* Task statement *
Everything from the line holding "Hoe kan ik haak twee monitoren op mijn PC" to the last line of the material below must be retyped exactly, minus any pictures.

··· Supplied information

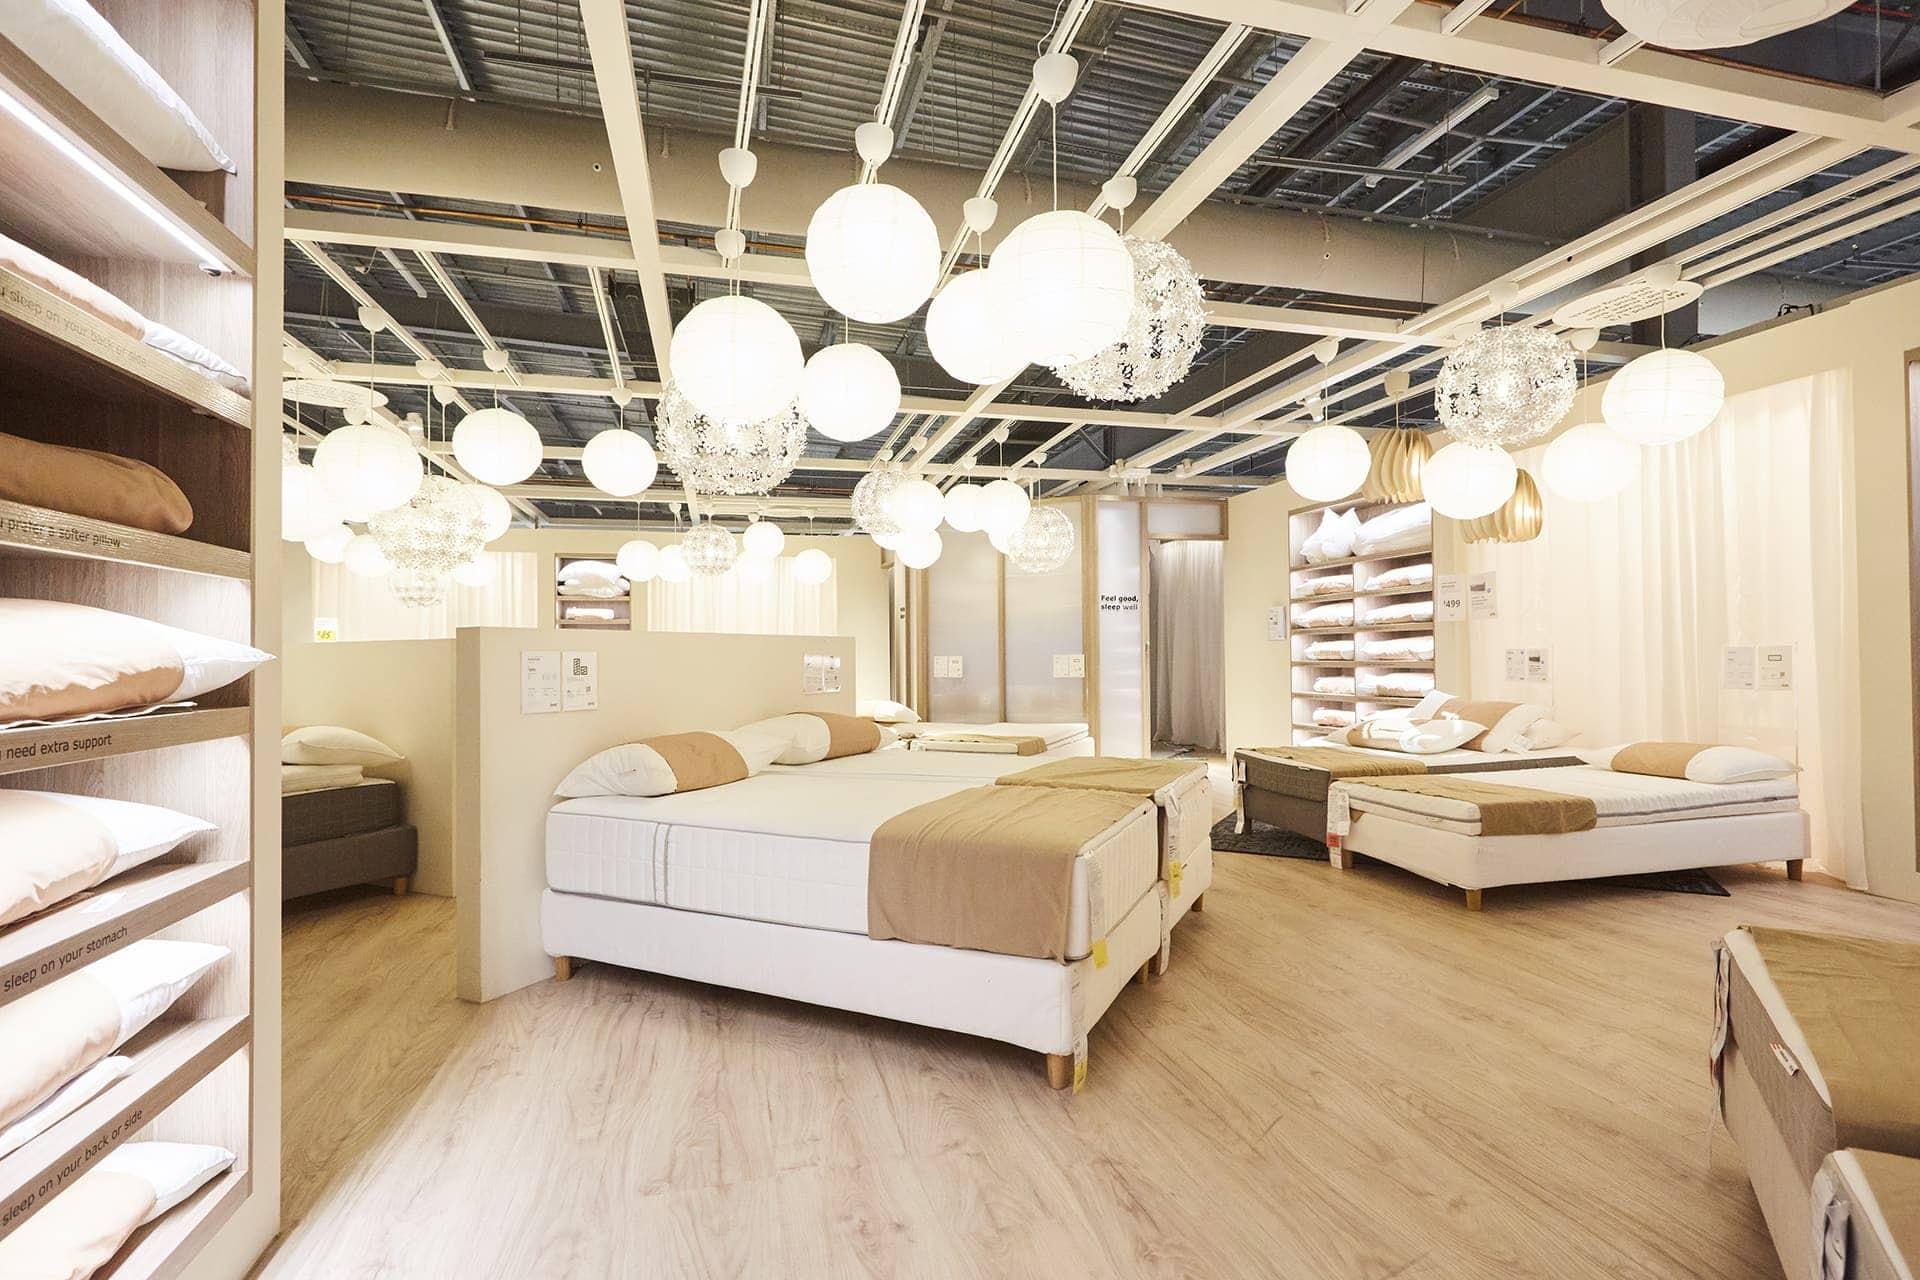 ikea-sleep-studio-ikea-springvale-ikea-mattresses-on-showroom-floor
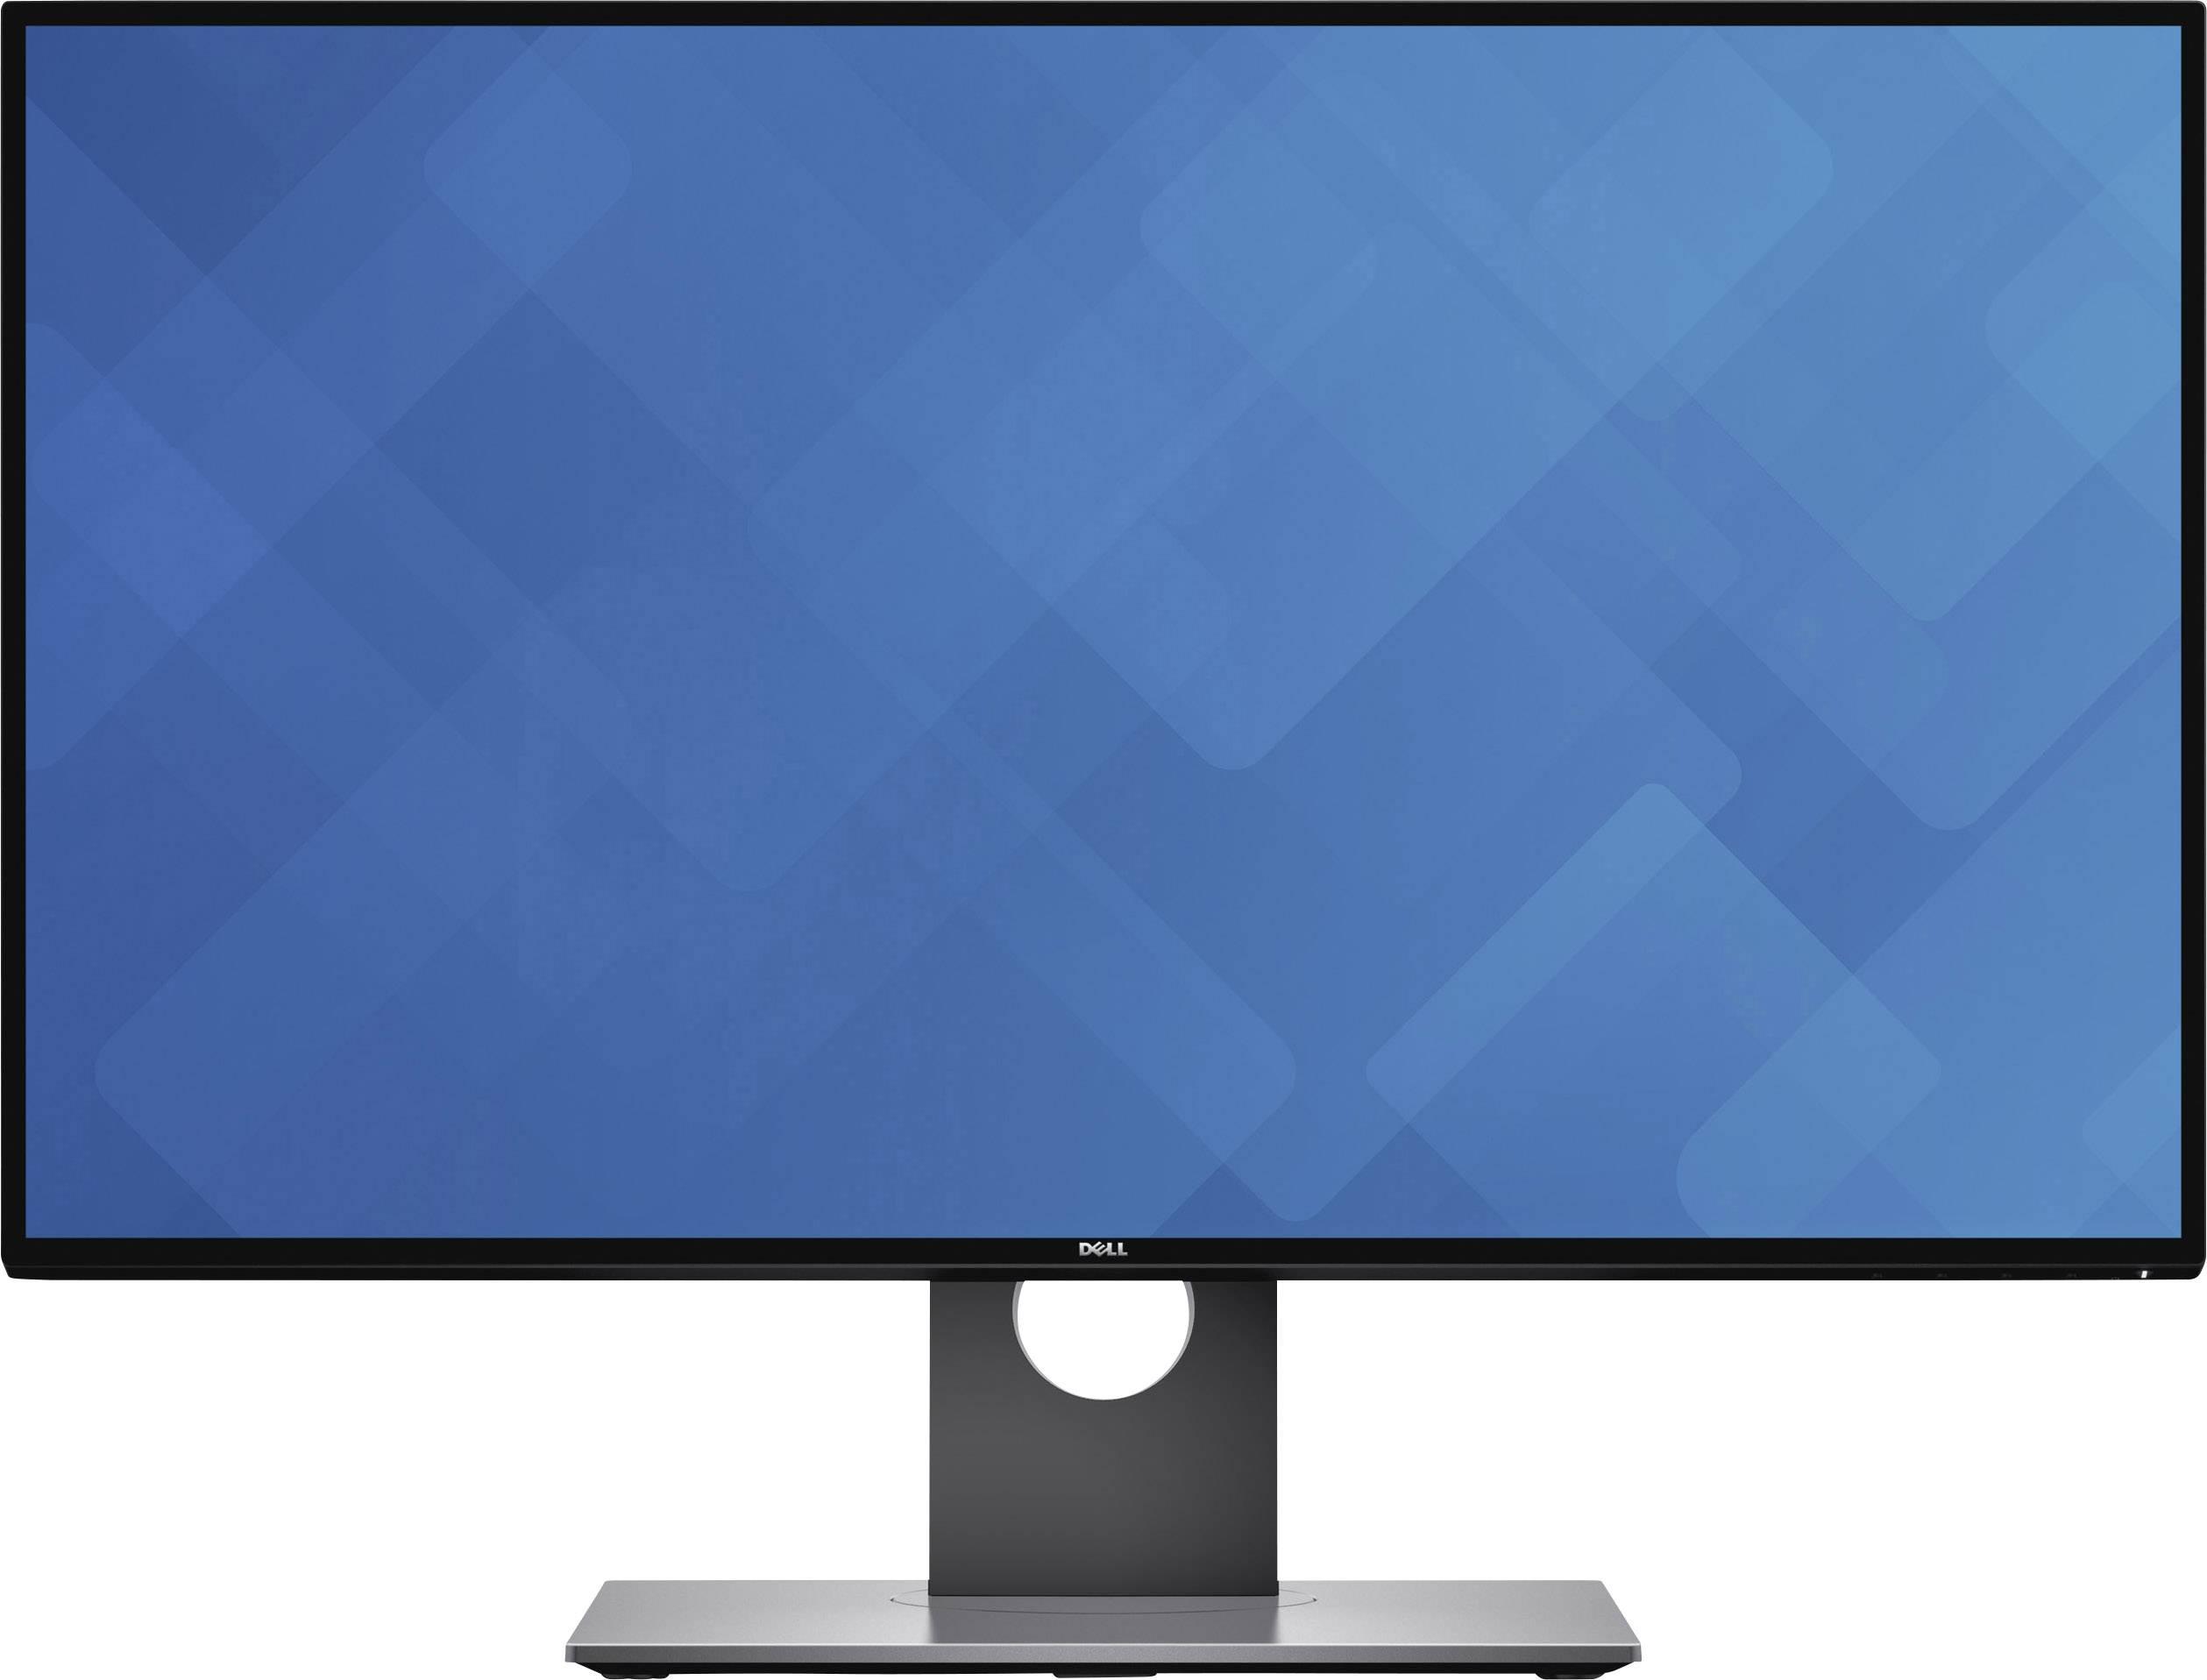 Hoe kan ik haak twee monitoren op mijn PC
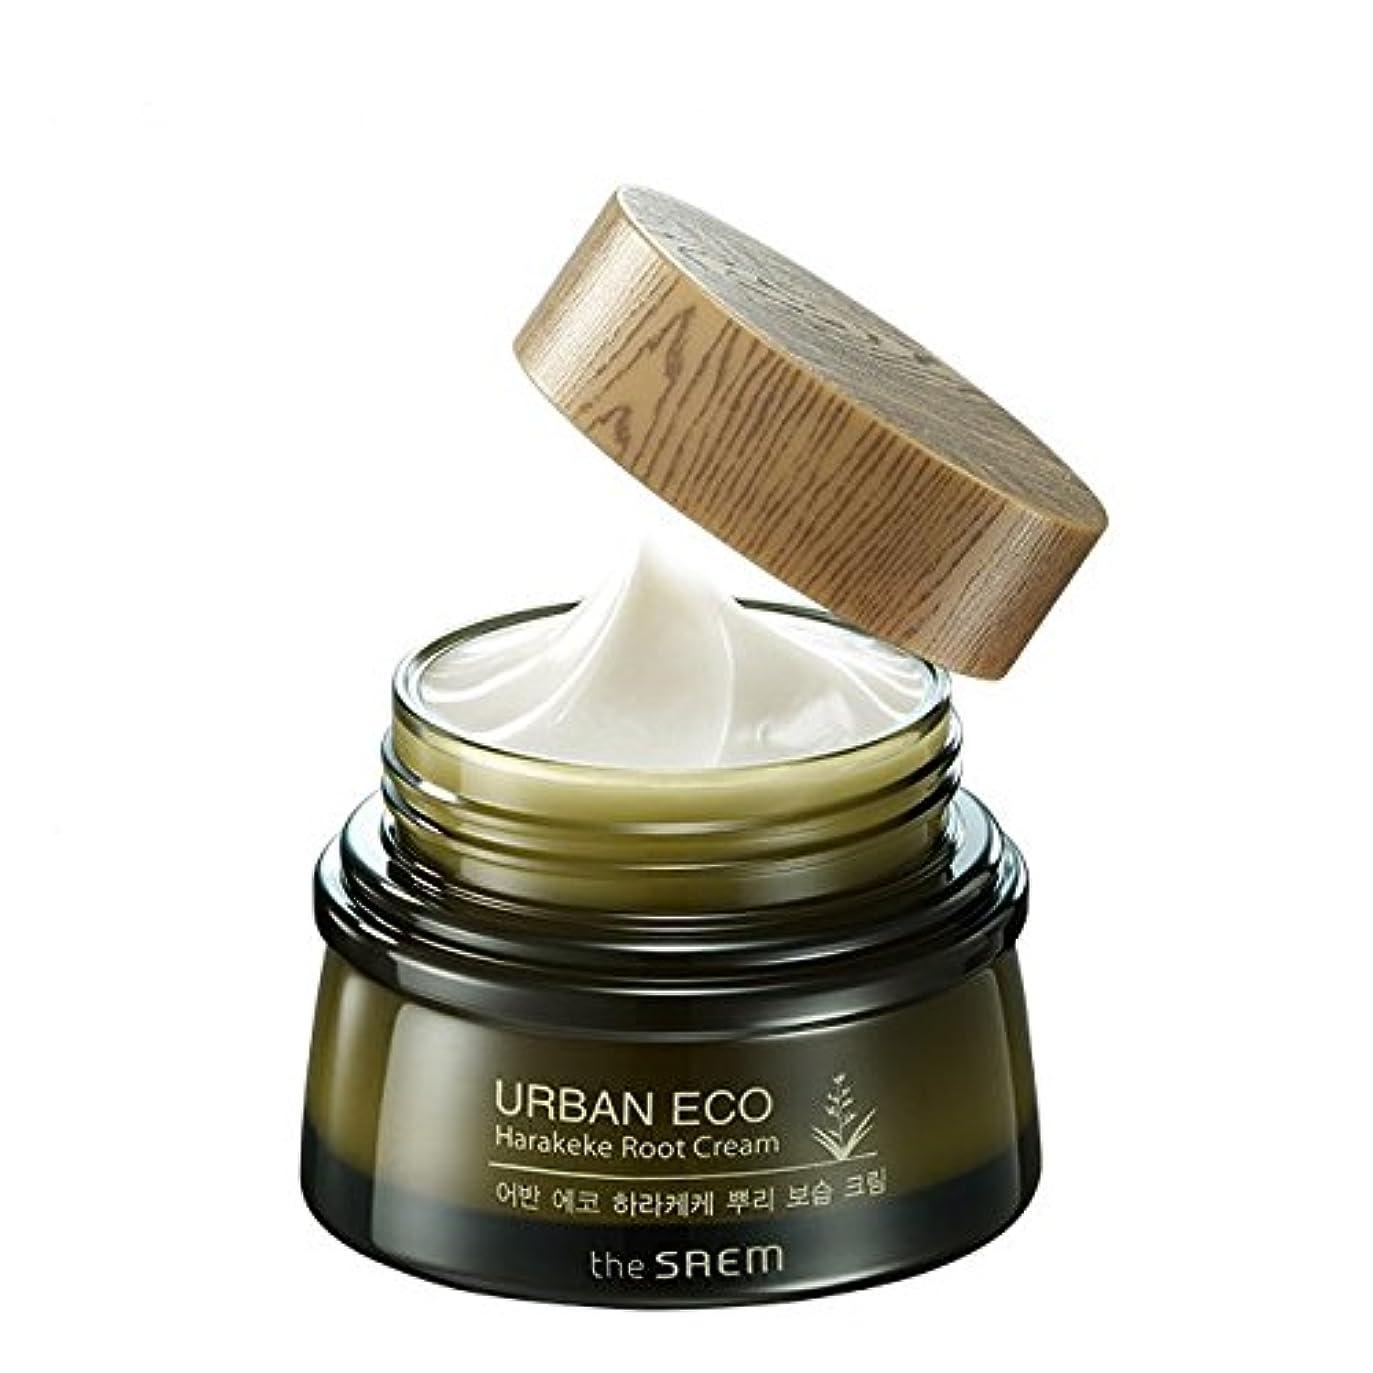 前文検索エンジンマーケティングネスト[ザセム] The Saem [アーバンエコ ハラケケ 根保湿クリーム60ml (The Saem Urban Eco Harakeke Root Cream60ml)

······

* Result below *
 Hoe kan ik haak twee monitoren op mijn PC
 前文検索エンジンマーケティングネスト[ザセム] The Saem [アーバンエコ ハラケケ 根保湿クリーム60ml (The Saem Urban Eco Harakeke Root Cream60ml)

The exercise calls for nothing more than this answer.